The Green Ray (1986)
7/10
Good film by Rohmer
22 November 2014
Warning: Spoilers
The green ray in the title of this French movie (also called green flash) refers to an optical phenomenon in which you can sometimes see, under certain hard to attain conditions, a green light coming from the horizon right after sunset (or right before sunrise). The famous French novelist Jules Verne wrote about this natural occurrence in a book called "The Green Ray" which is briefly referred to in the movie.

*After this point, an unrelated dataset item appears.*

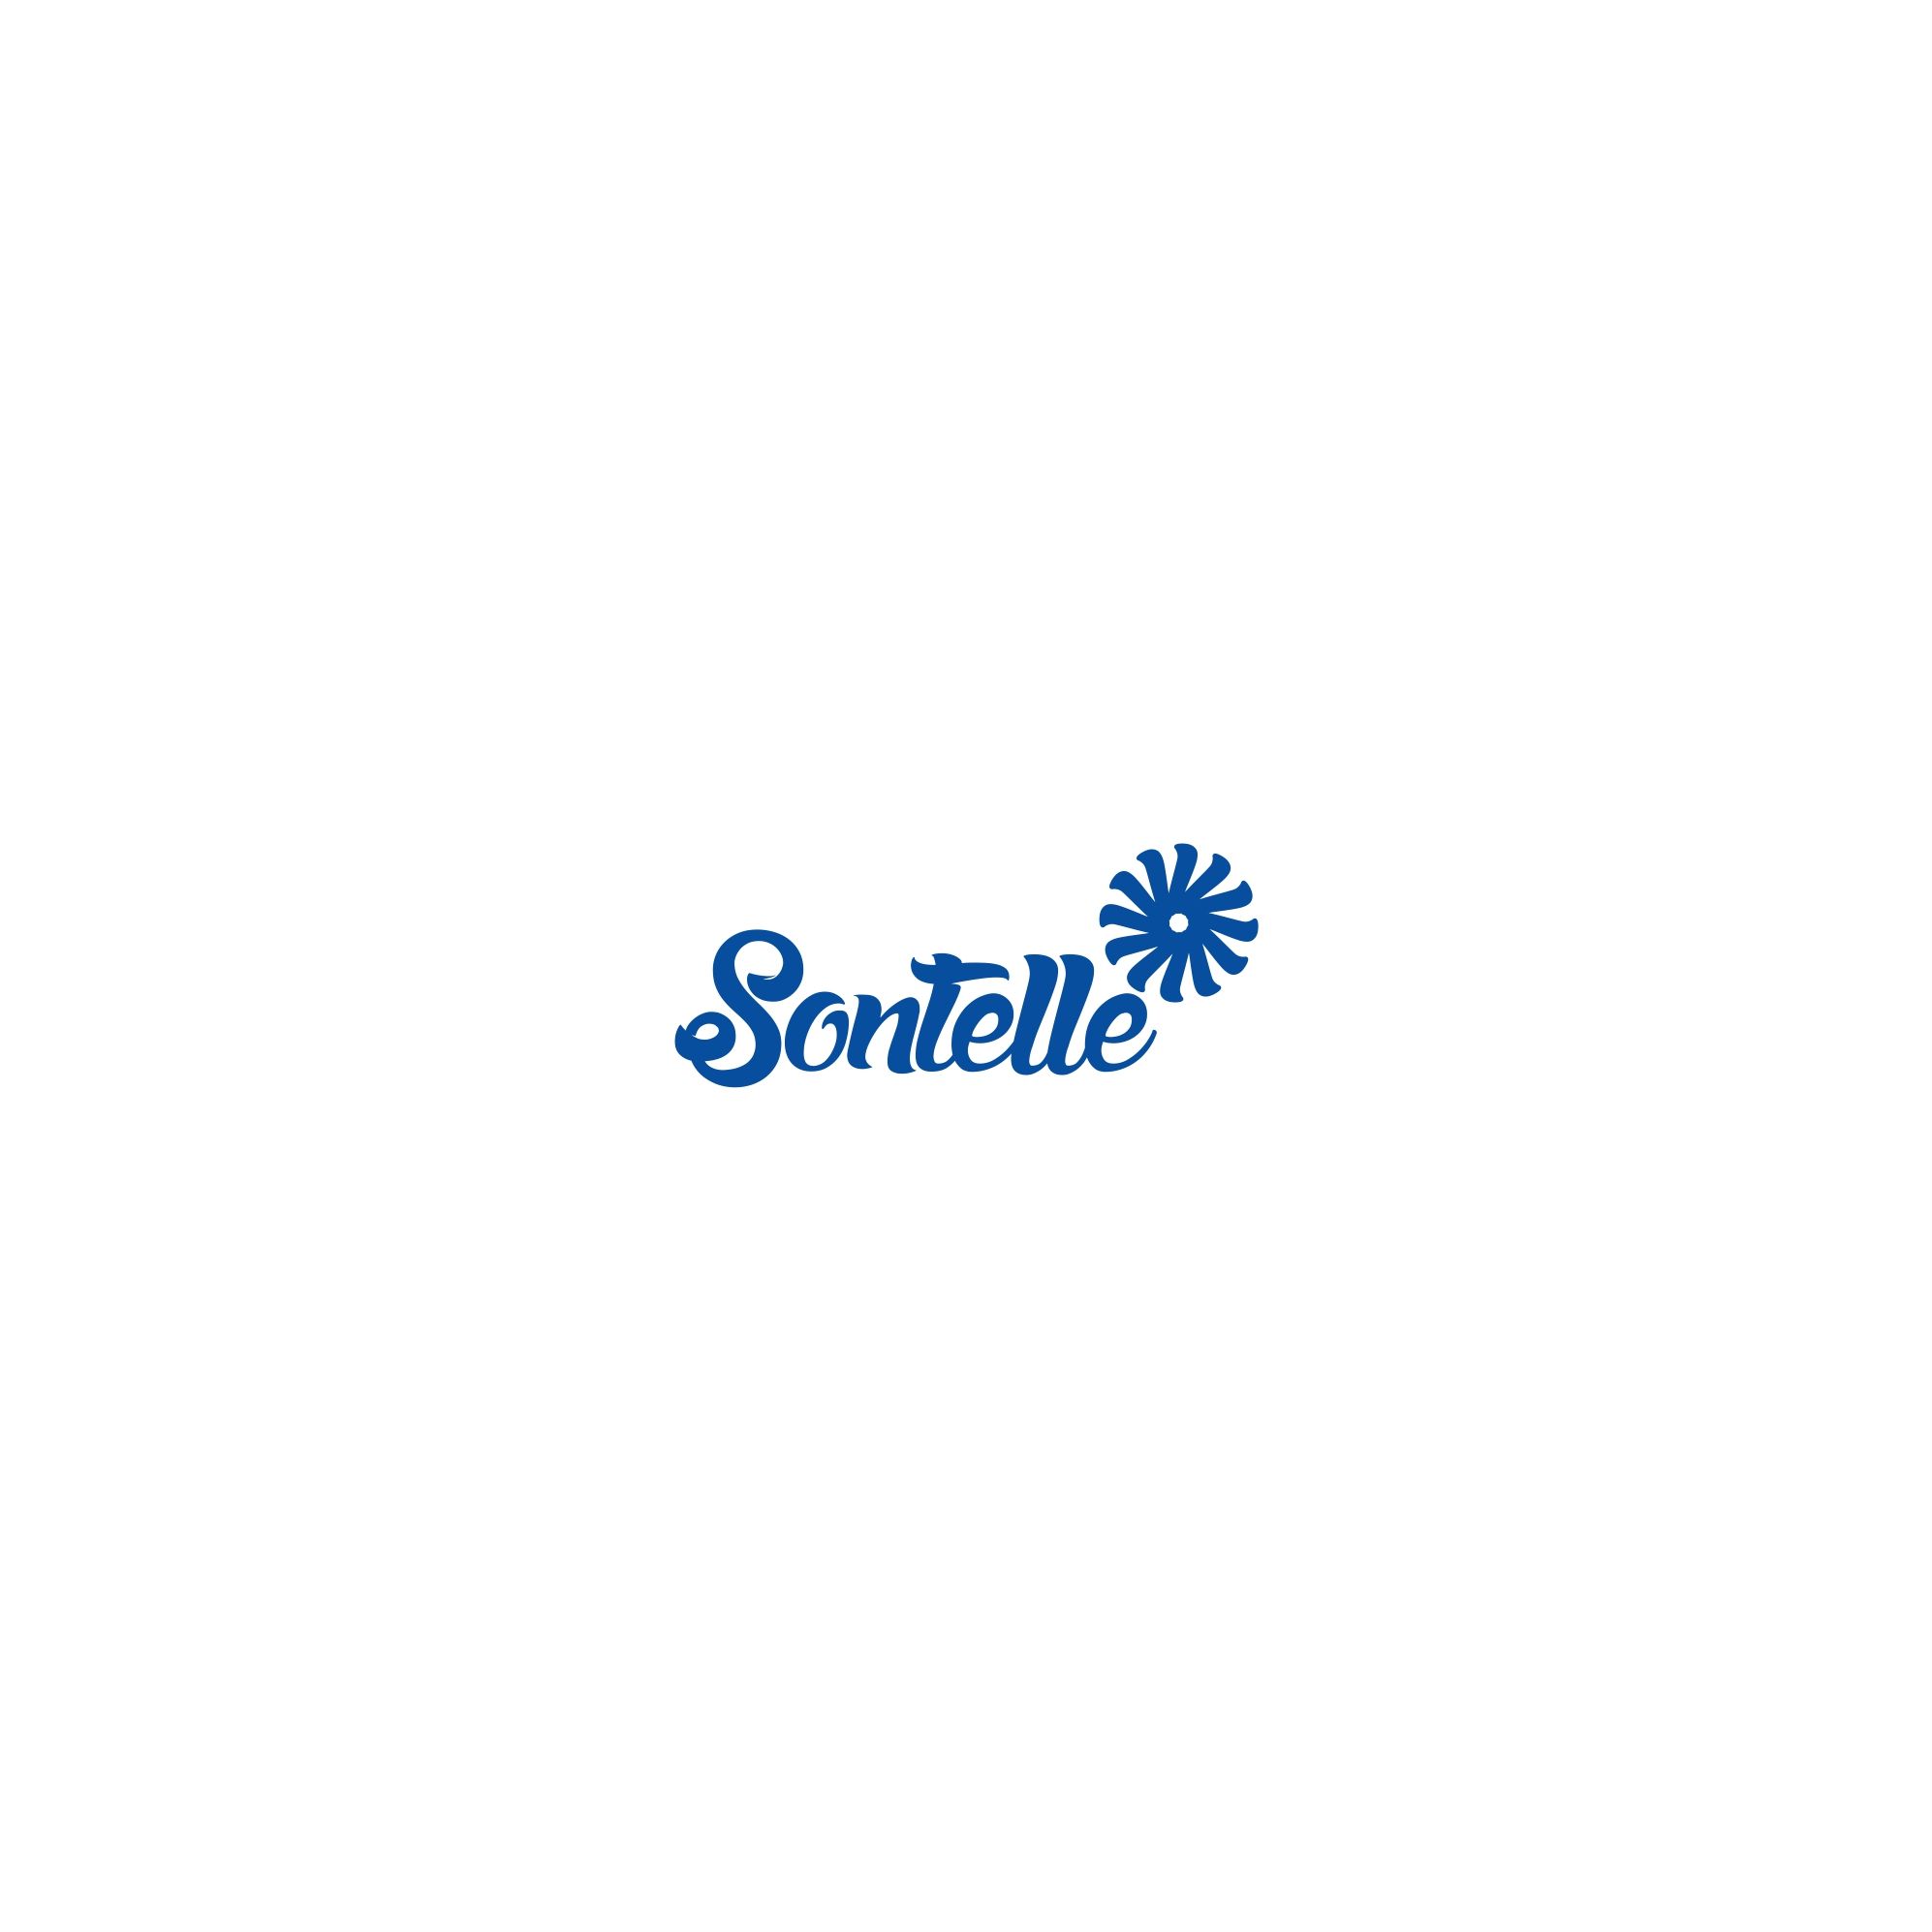 Логотип для  Sontelle SONTELLE sontelle Логотип - дизайнер serz4868
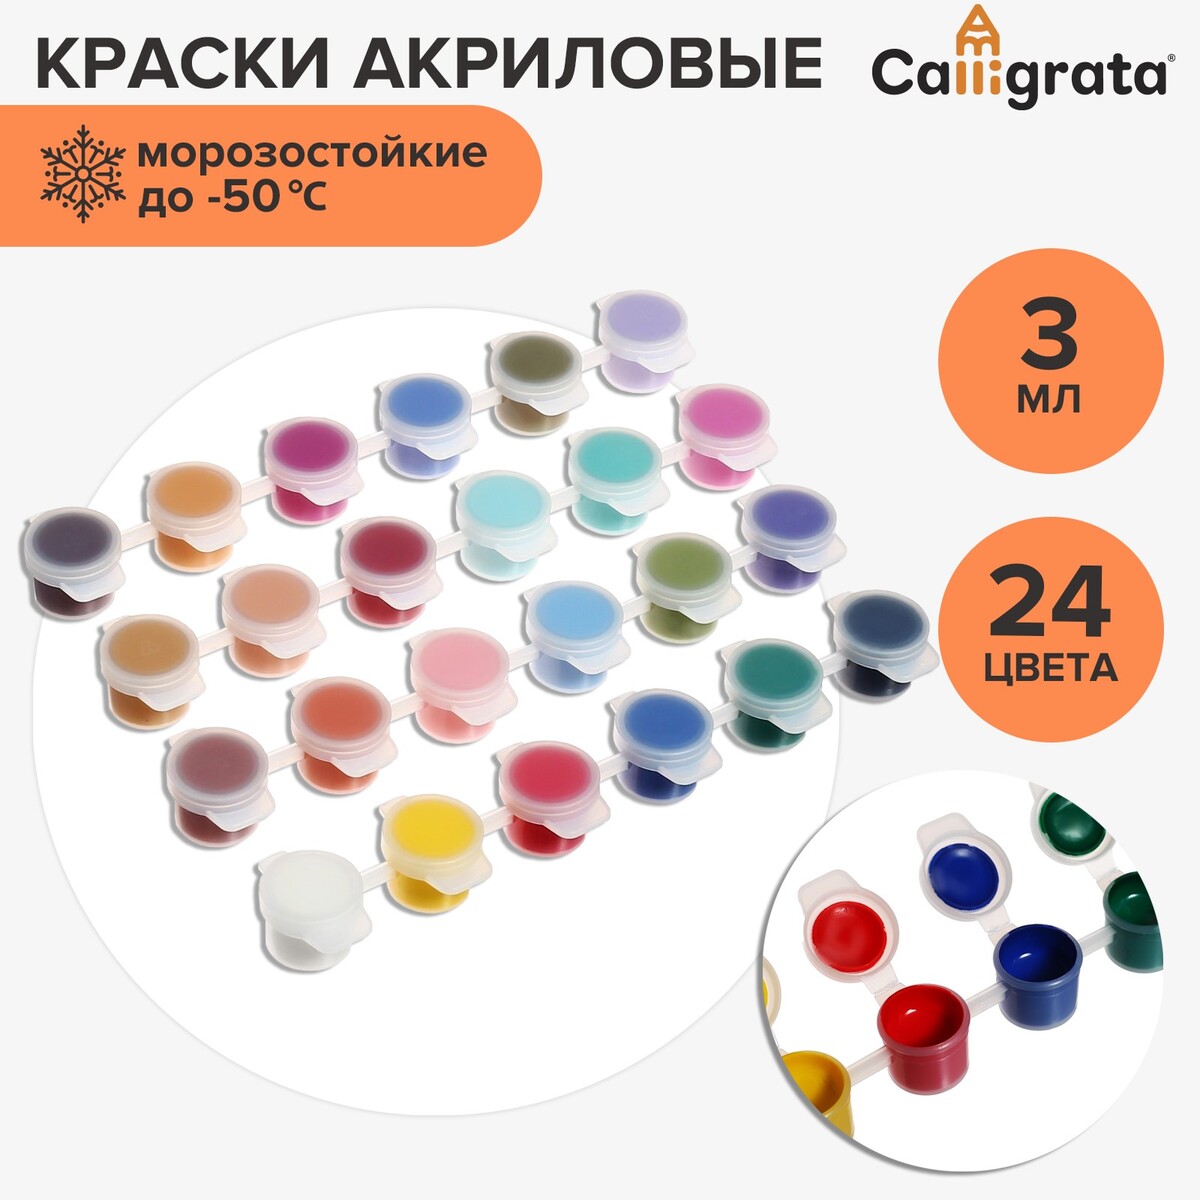 Краска акриловая, набор 24 цвета х 3 мл, calligrata, морозостойкие, в пакете Calligrata 06117595 - фото 1

The film itself is about Delphine (played by Marie Riviere, who has been in several movies of director Eric Rohmer), who works as a secretary in a Paris office. She is a slender, tallish, moderately attractive black haired woman in perhaps her late twenties and has a "difficult" personality. She has recently broken up with her boyfriend, right before the summer holidays, and the prospect of lonely vacations much saddens her (though to some in the audience it might not make the most compelling of tragic situations). So the movie is about her talking with friends about her predicament until she decides to go alone, meeting on the road a few people (including a Swedish woman who she first meets topless at a beach and who is meant to represent sexually liberal attitudes). I'm not going to spoil it for you whether Delphine will find a romantic partner or not during her travels, but the ray of the title does make an appearance.

The movie is from 1986 and since it was shot on the street, you can see people with what are now "period" clothes. If you were, like me, a child in the 1980s, you will probably like this.

Talky, as expected from the director, but the dialogues are not as pretentious as in other of his movies. Not the best of Rohmer, but very watchable. One problem with the plot is that it is not terribly original, since most of us have seen too many movies about single women around 30 years of age feeling lonely.